Par exemple, un des deux antagonistes subit les attaques de l'autre et vient constamment se plaindre à vous des mauvais traitements qu'il lui inflige. Vous pourriez tenter d'intervenir auprès de son « persécuteur » et deviendriez de ce fait le « sauveur » de la « victime ». Et si vous haussez le ton avec l'agresseur, vous deviendriez à votre tour son « persécuteur », peut-être ira-t-il en posture de « victime » se plaindre à ses collègues, à votre N+1 ou aux syndicats.
Pour sortir de ces « jeux psychologiques » seule la posture adulte/adulte, correspondant au OK+/OK+ fonctionne.
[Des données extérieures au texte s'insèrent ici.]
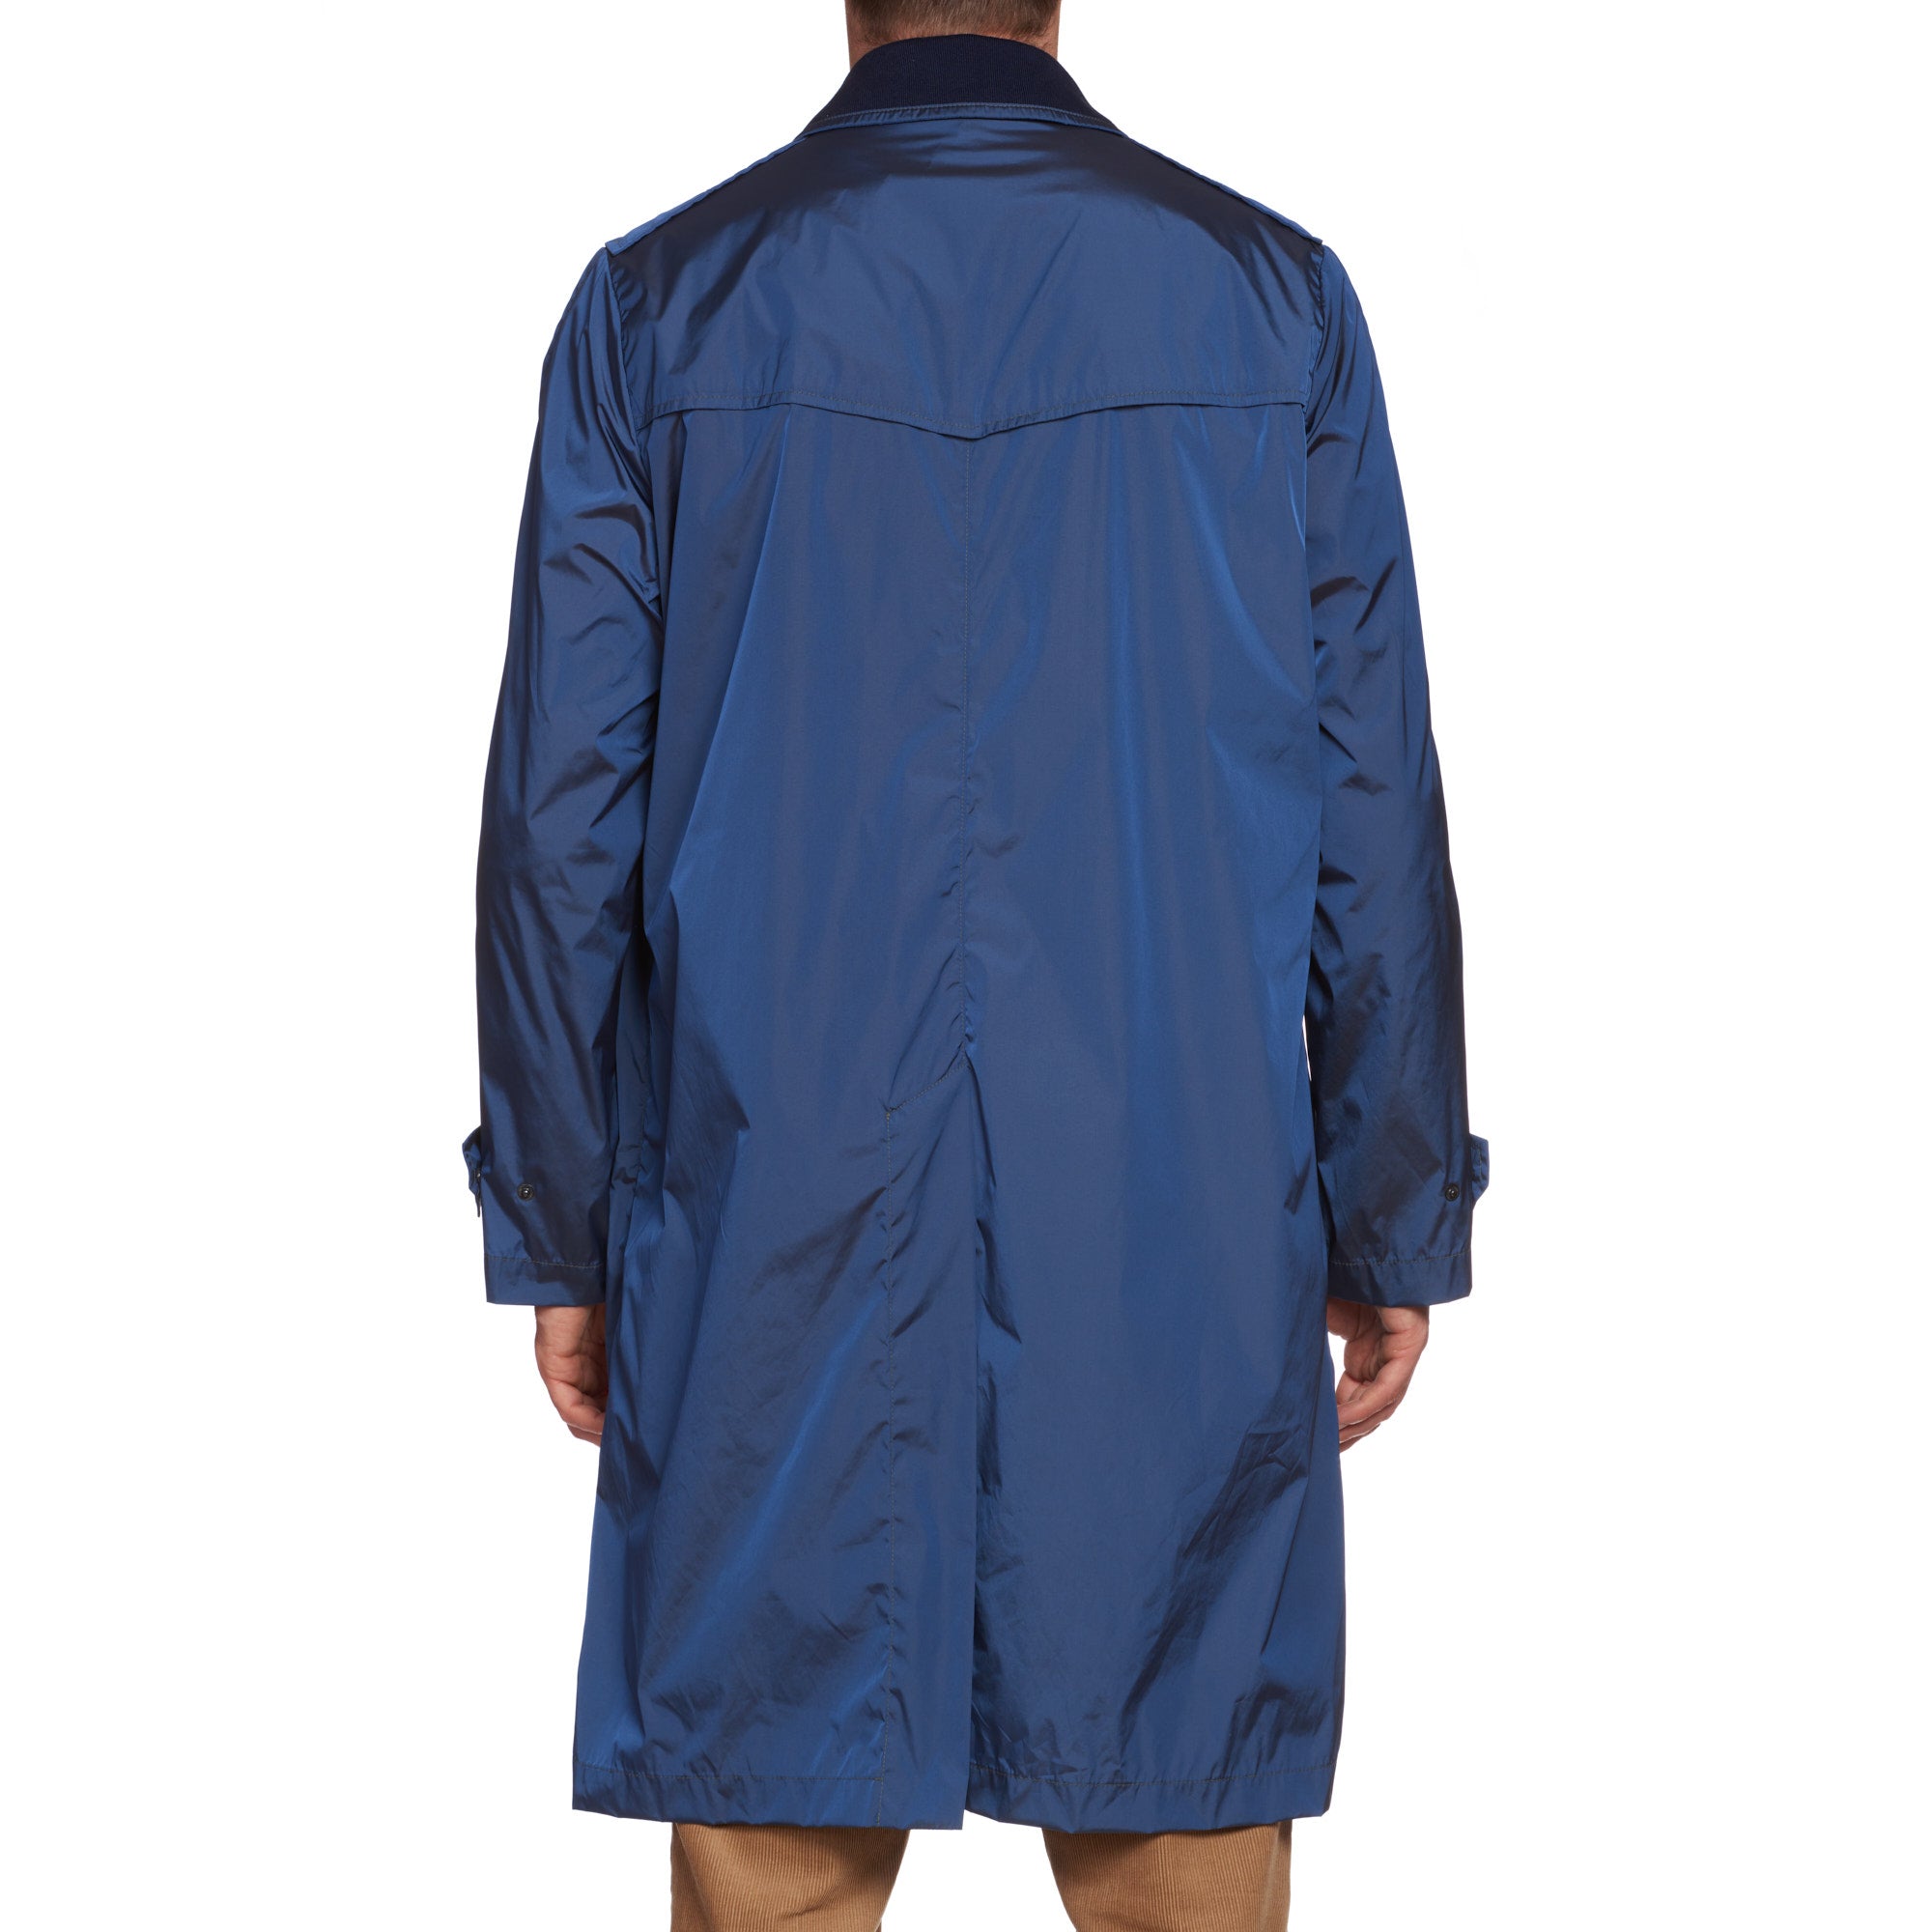 BOGLIOLI Milano "Wear" Navy Blue Unlined Lightweight Rain Coat EU 52 NEW US 42

Recevoir les deux et faire le point des actes posés de façon concrète et pragmatique, sans jugement de valeur, dans une posture d'empathie assertive vous évitera cet écueil.
Après trois entretiens de ce type et si les engagements ne sont pas tenus, vous ne pourrez plus que constater la réalité d'une rupture dont ils sont coresponsables et organiser leur séparation.
Pourquoi est-ce important pour les participants au conflit ?
apaisement des relations ;
meilleure qualité de vie au travail ;
meilleure concentration sur la mission une fois la focalisation sur le conflit interrompue ;
augmentation des résultats.
Pourquoi est-ce important à réaliser pour le service, l'entreprise, les collègues, etc. ?
apaisement des relations, moins de tension contagieuse ;
meilleur climat dans l'équipe ;
plus grande disponibilité pour les travaux de groupe ;
image de l'entreprise.
Pourquoi est-ce important pour vous et vos deux collaborateurs concernés ?
fiabilité du manager ;
sentiment de soutien, de non-jugement ;
renforce le sentiment d'appartenance.
Quelles seraient les répercussions s'ils ne savaient pas faire ?
crise dans l'équipe par contagion ;
clanisme ;
démotivation ;
image négative du service, de l'entreprise auprès des clients partenaires et fournisseurs.
Exemples de problèmes vécus récemment :
La société de transport en commun a perdu le marché d'une école dont les enseignants ont vu deux chauffeurs se battre dans la cour de l'entreprise lors d'une réunion et craignent un mauvais exemple pour les élèves.